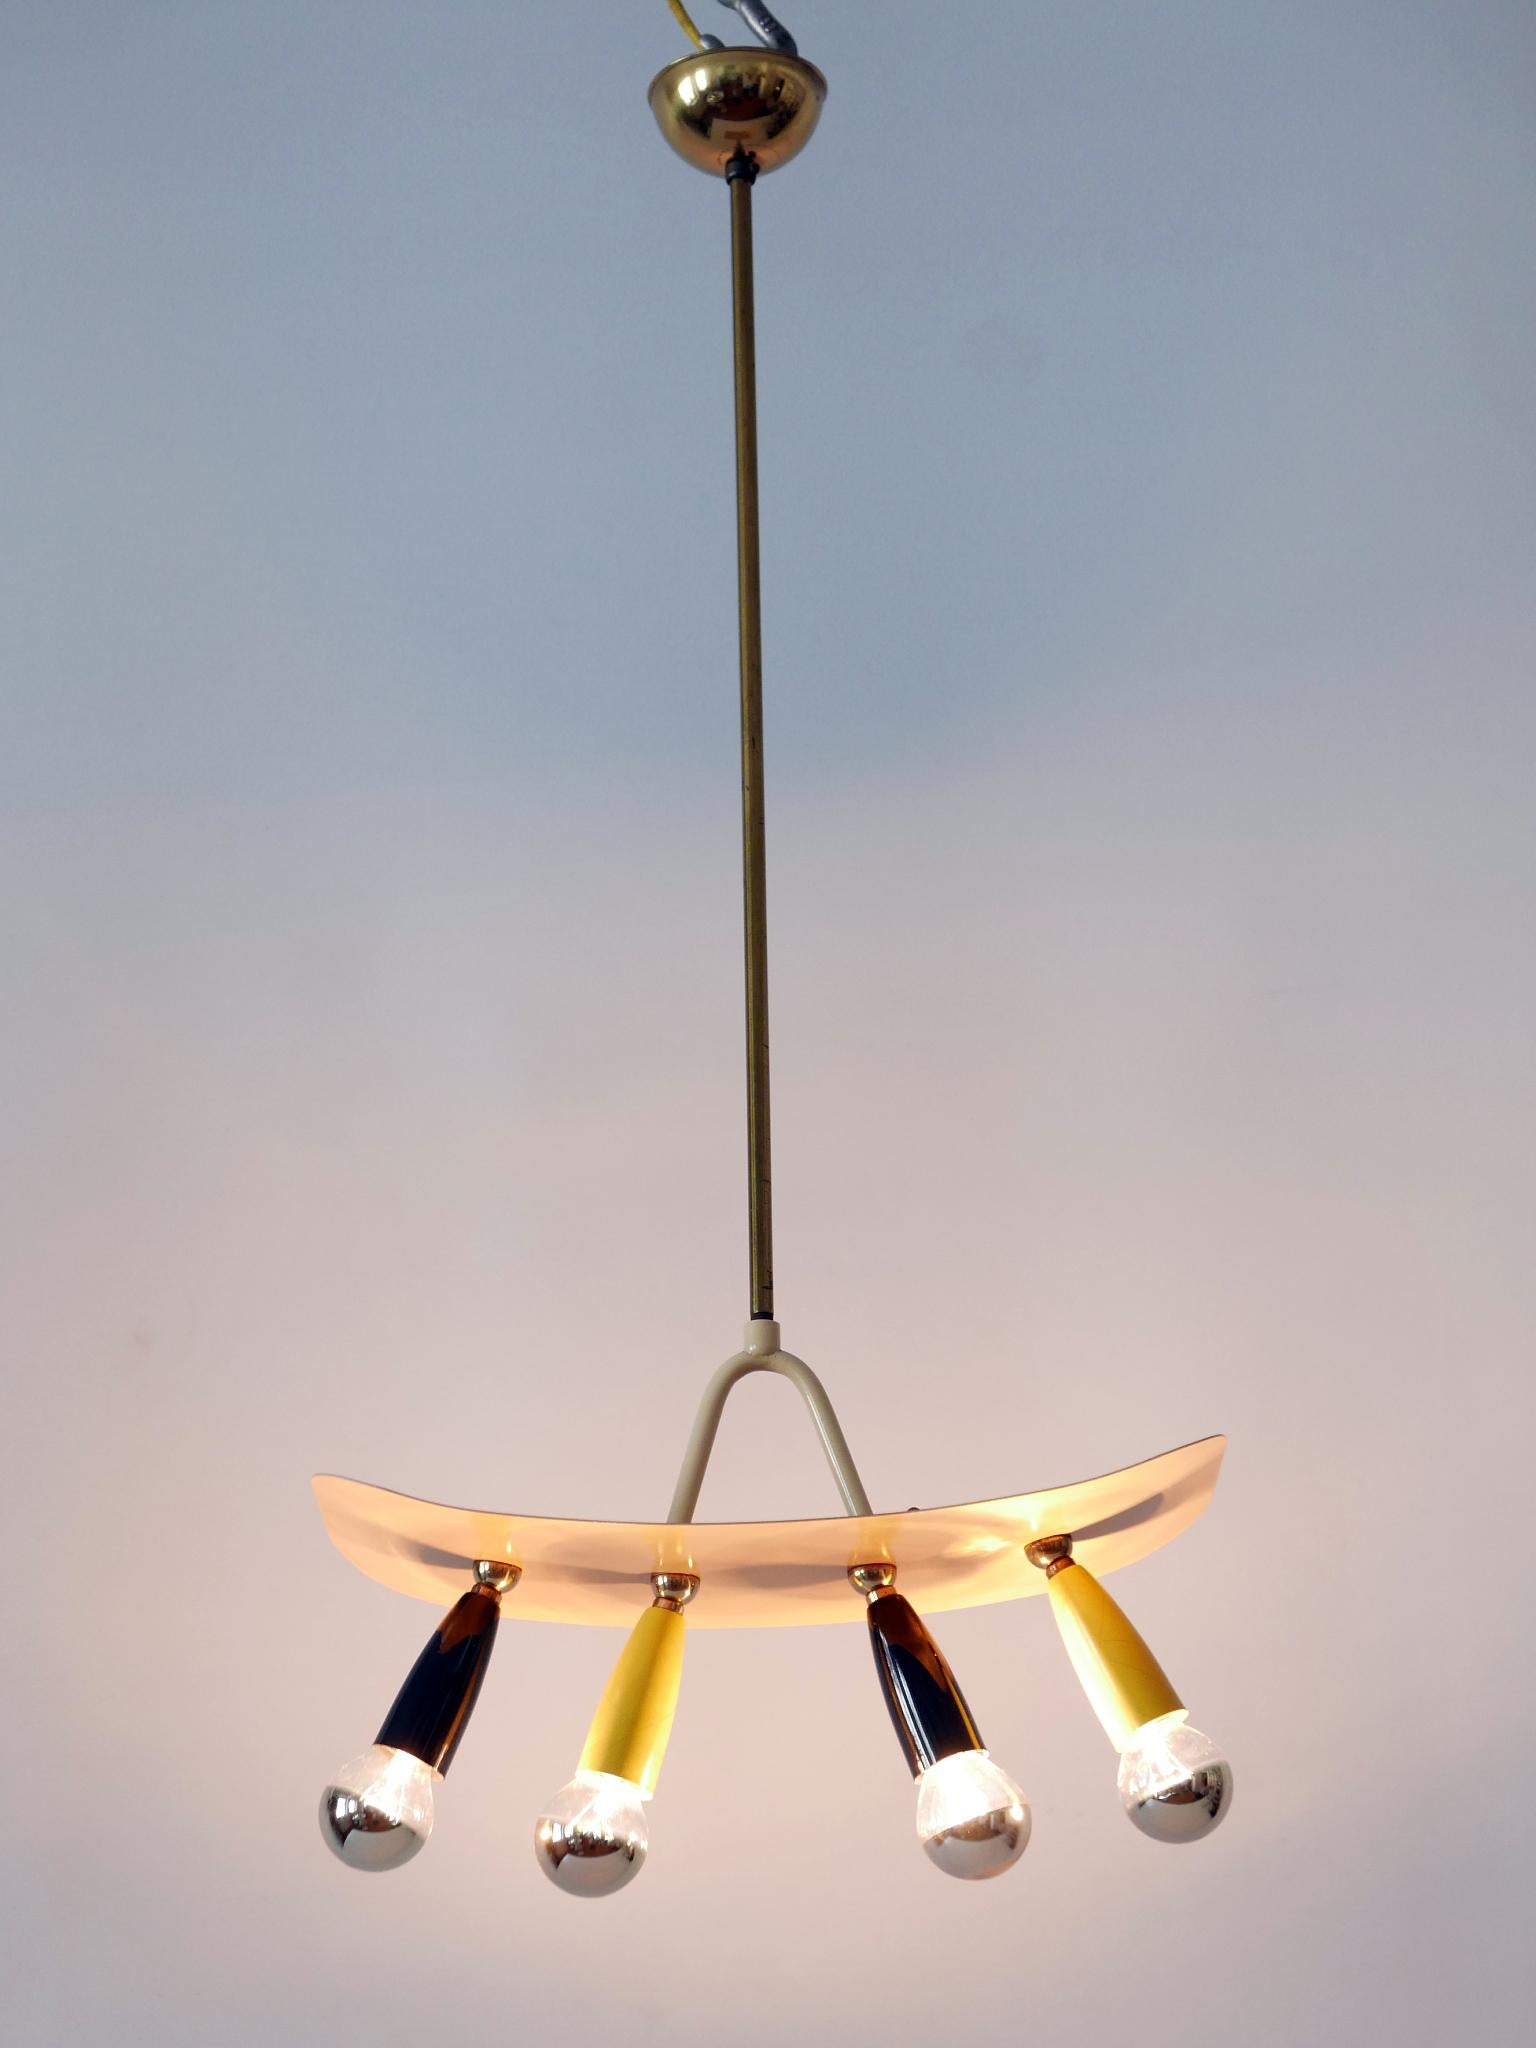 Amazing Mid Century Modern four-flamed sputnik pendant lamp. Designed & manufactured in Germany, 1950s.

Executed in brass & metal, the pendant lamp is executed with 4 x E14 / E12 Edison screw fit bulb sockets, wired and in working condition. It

···

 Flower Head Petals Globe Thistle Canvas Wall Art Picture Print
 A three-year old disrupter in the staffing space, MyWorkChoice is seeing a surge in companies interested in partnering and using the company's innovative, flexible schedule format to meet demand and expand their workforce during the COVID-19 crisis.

···

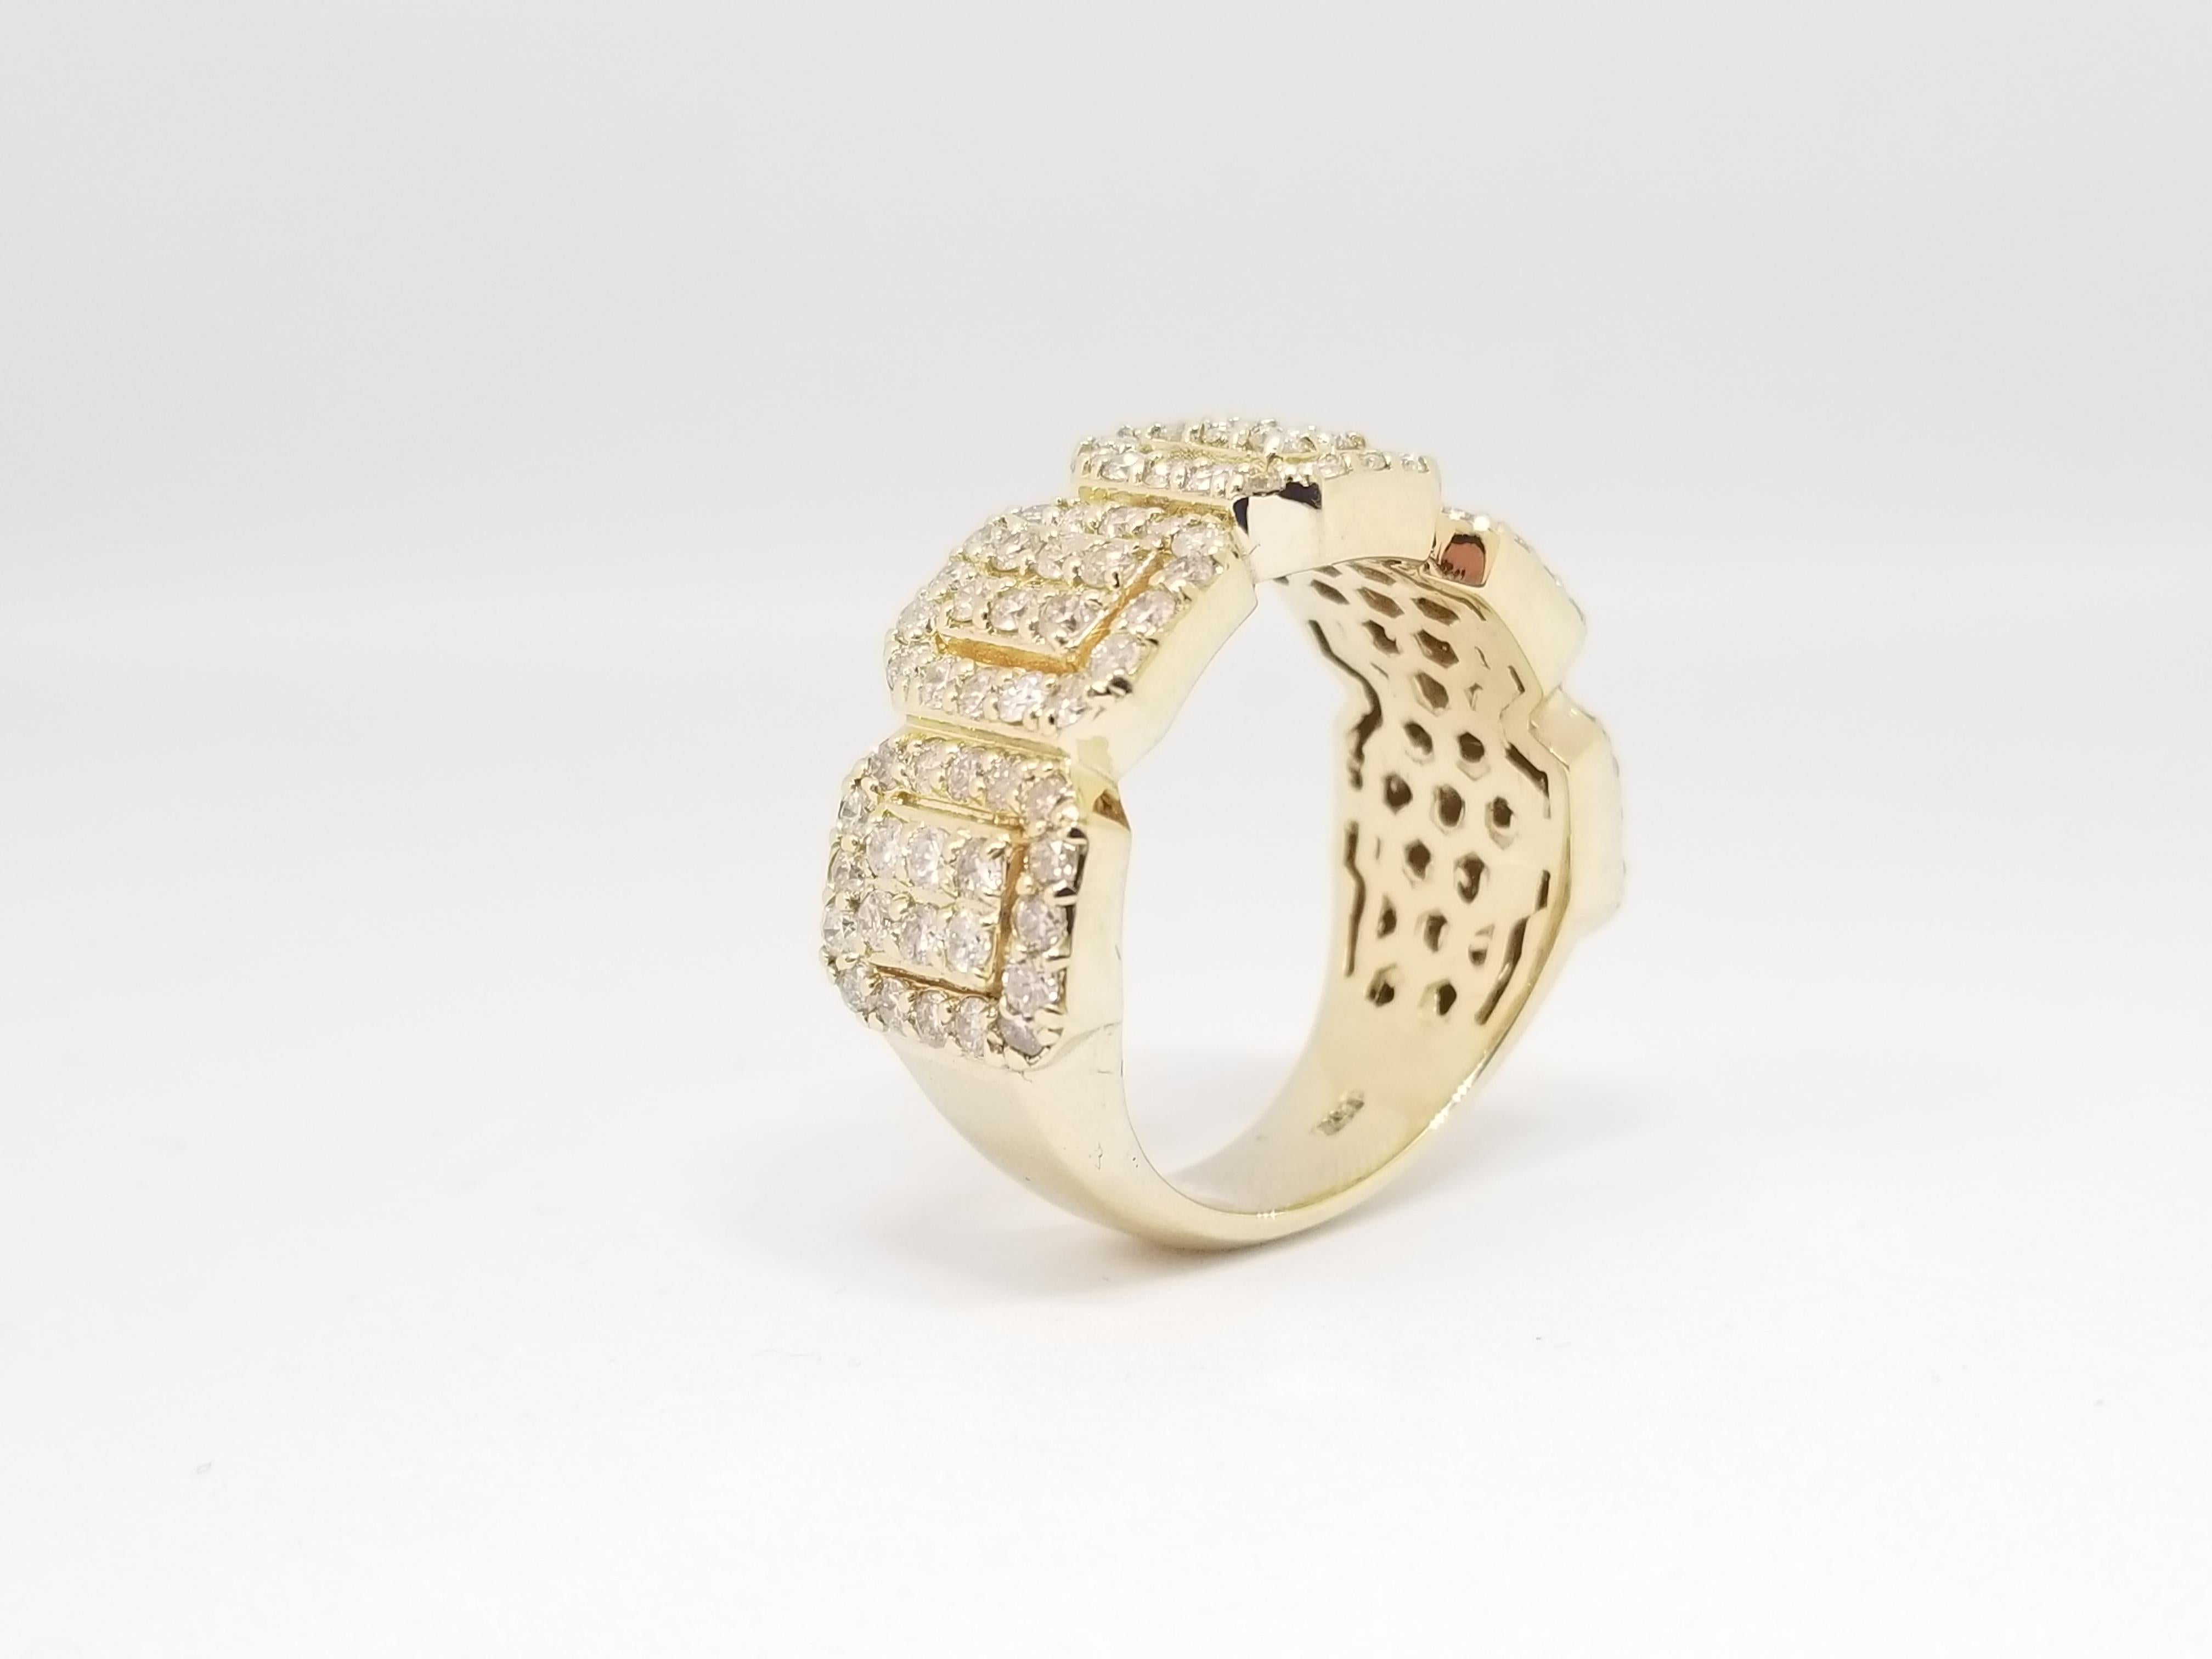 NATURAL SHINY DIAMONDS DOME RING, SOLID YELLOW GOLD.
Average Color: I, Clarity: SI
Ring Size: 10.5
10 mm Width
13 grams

···

**What you are asked to do**
Whatever pictures the records hold, omit them; give again exactly the lines from the one containing "Amazing Mid Century" through the one containing "Executed in brass".

**Exercise response**
 Amazing Mid Century Modern four-flamed sputnik pendant lamp. Designed & manufactured in Germany, 1950s.

Executed in brass & metal, the pendant lamp is executed with 4 x E14 / E12 Edison screw fit bulb sockets, wired and in working condition. It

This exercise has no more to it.